• **Aim of the task**:
Copy exactly the stretch of lines from the one holding "Hübscherjunge Cartoon Spielt" through the last line of the data below, inclusive. Leave out pictures.

• **Supplied records**:

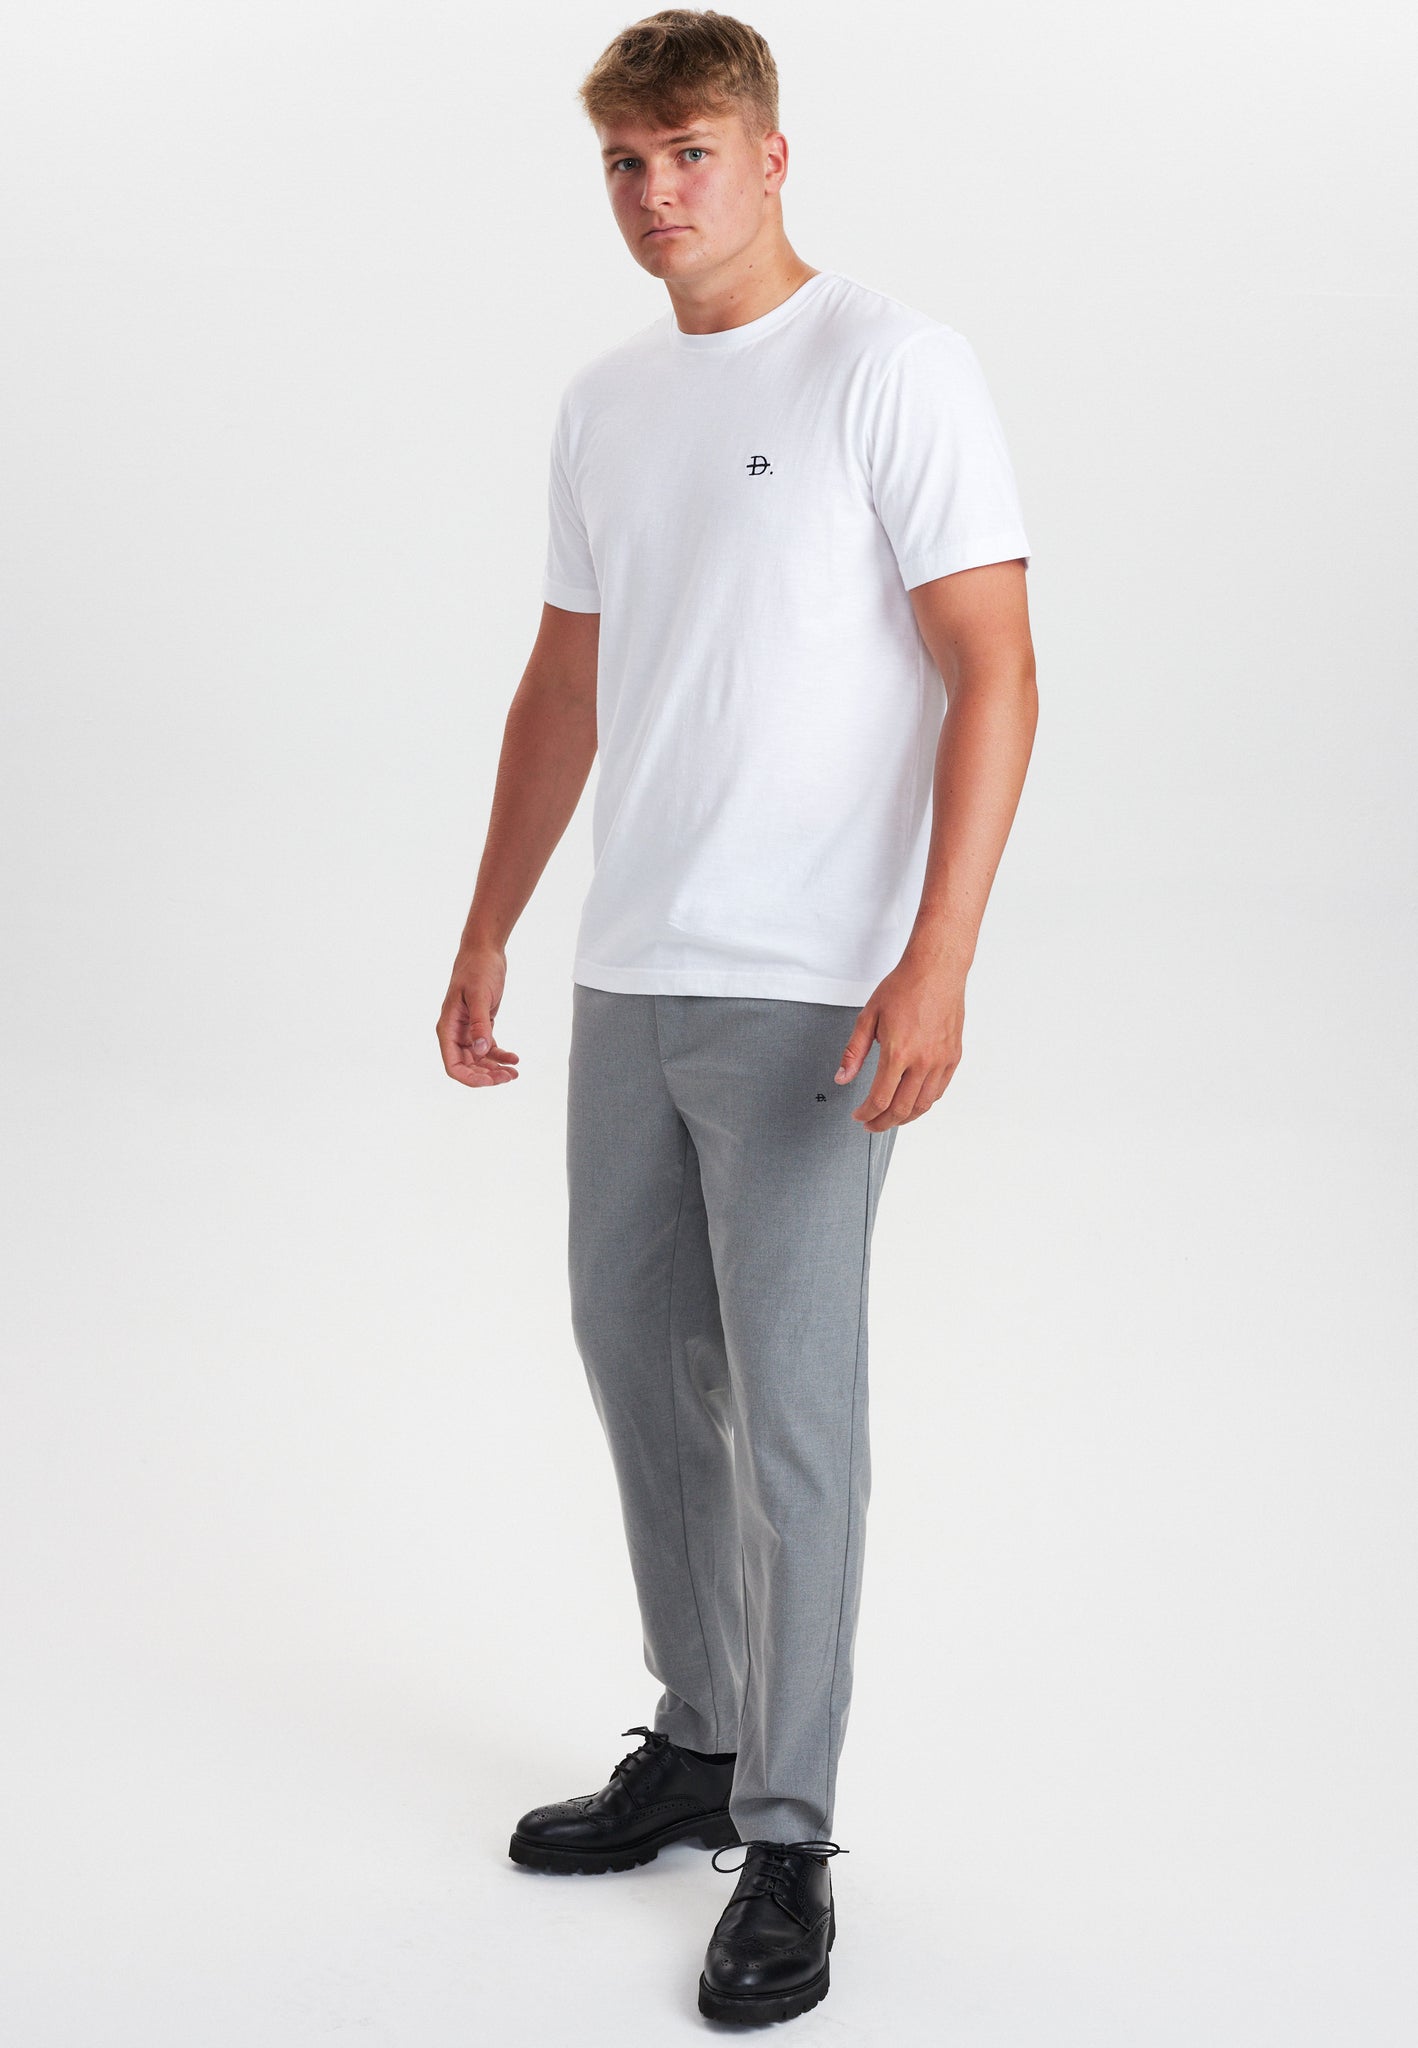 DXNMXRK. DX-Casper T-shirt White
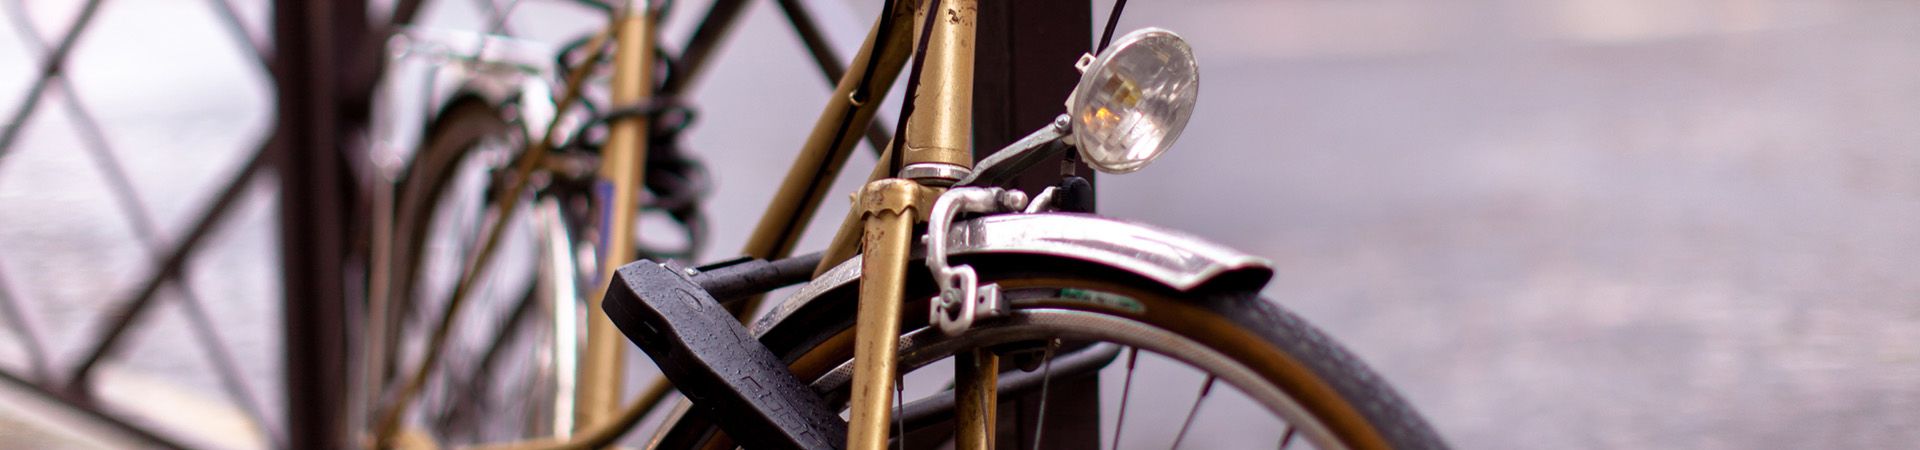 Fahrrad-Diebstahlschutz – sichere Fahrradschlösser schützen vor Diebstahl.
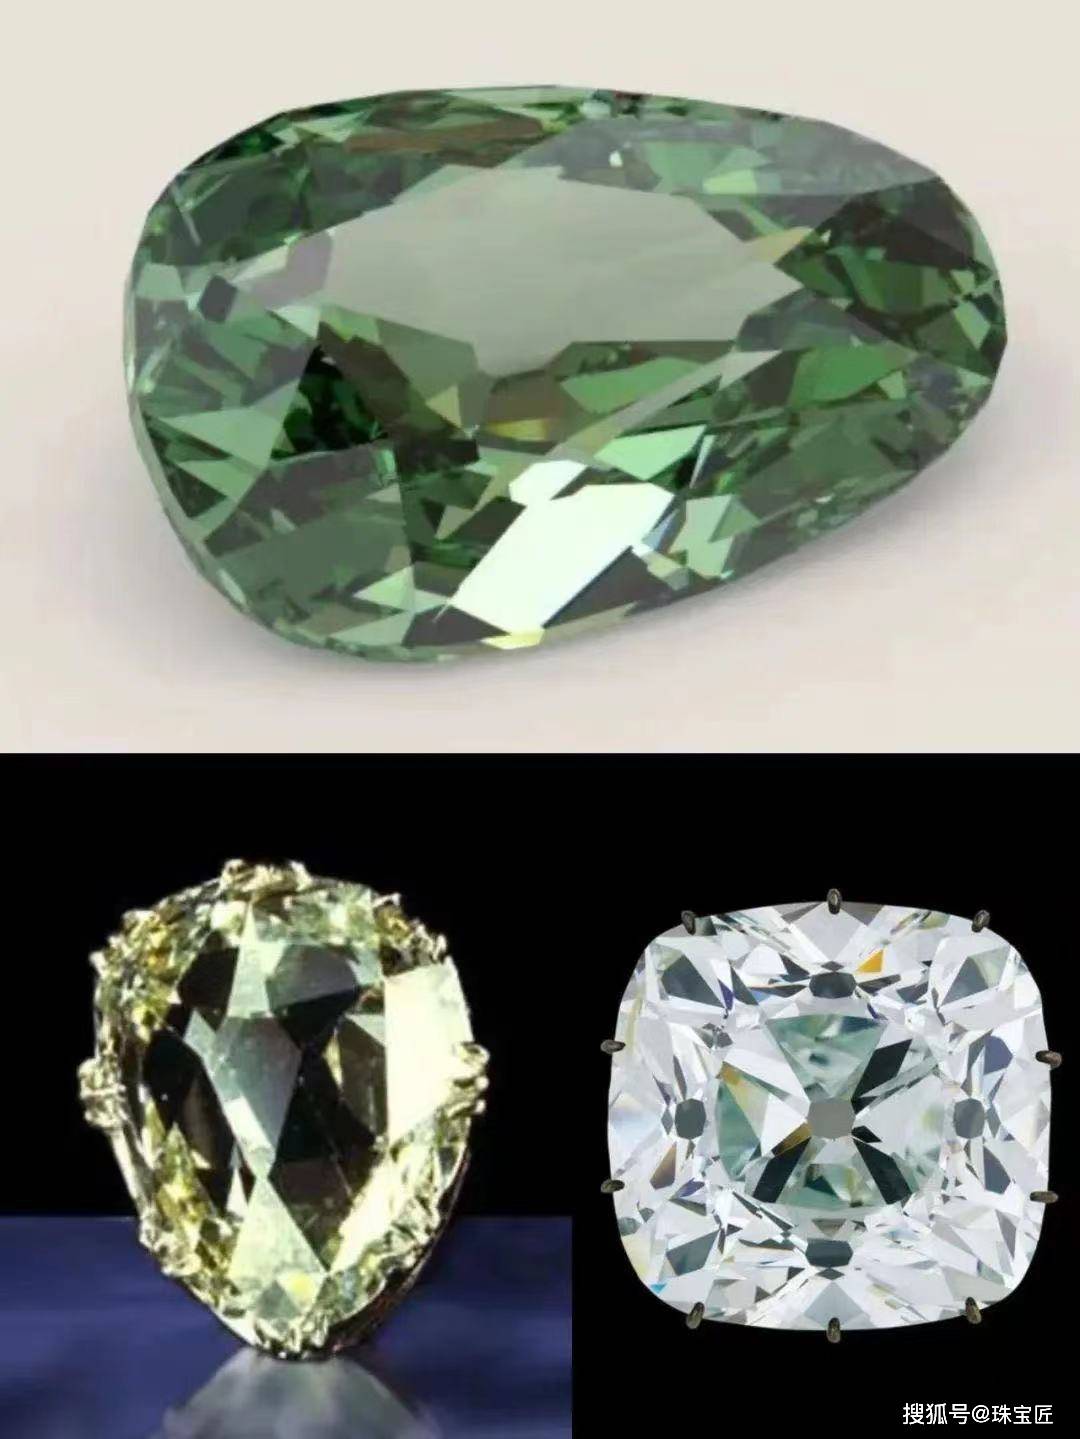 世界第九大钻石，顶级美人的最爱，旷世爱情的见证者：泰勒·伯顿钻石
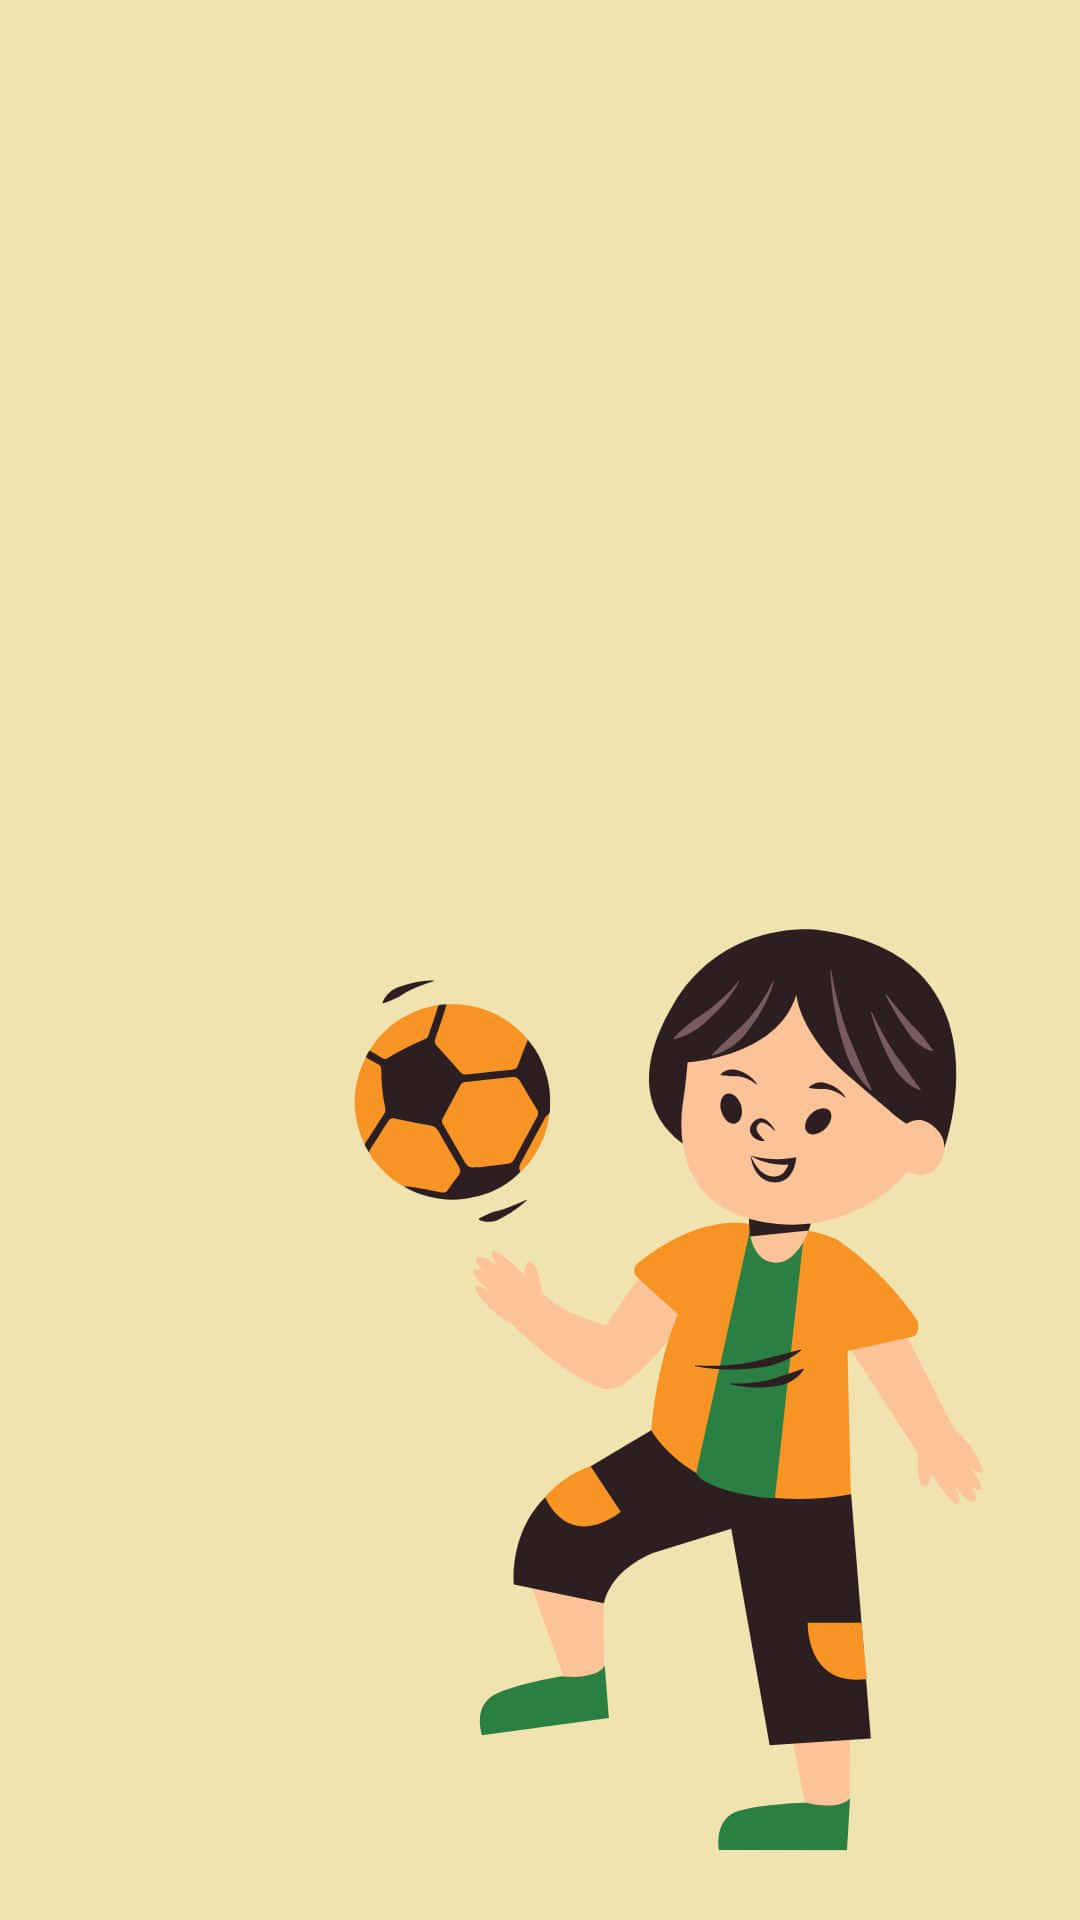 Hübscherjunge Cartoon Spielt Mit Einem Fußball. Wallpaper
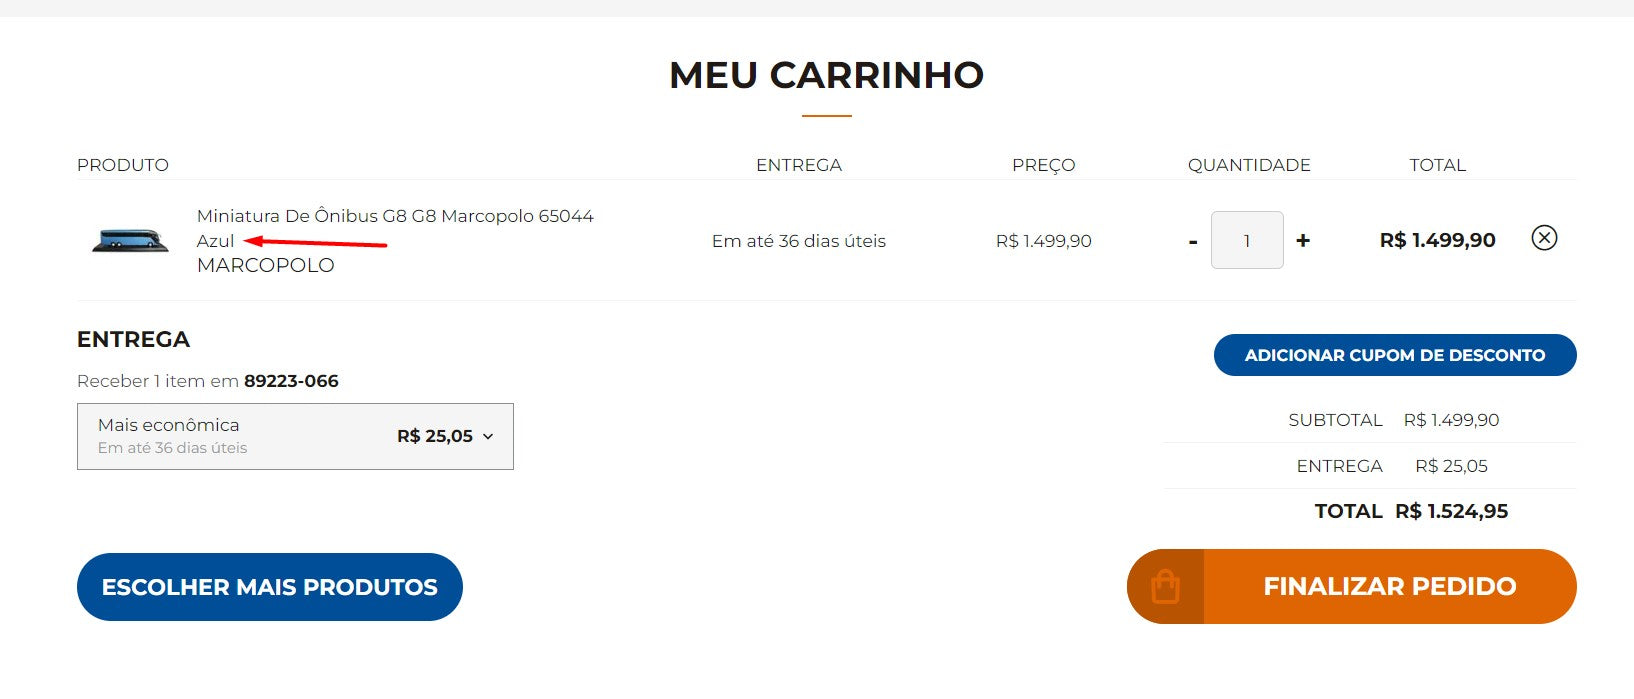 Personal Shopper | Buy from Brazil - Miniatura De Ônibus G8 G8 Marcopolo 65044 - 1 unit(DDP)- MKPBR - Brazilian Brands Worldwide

• **Exercise solution**:
 Hübscherjunge Cartoon Spielt Mit Einem Fußball. Wallpaper
 Personal Shopper | Buy from Brazil - Miniatura De Ônibus G8 G8 Marcopolo 65044 - 1 unit(DDP)- MKPBR - Brazilian Brands Worldwide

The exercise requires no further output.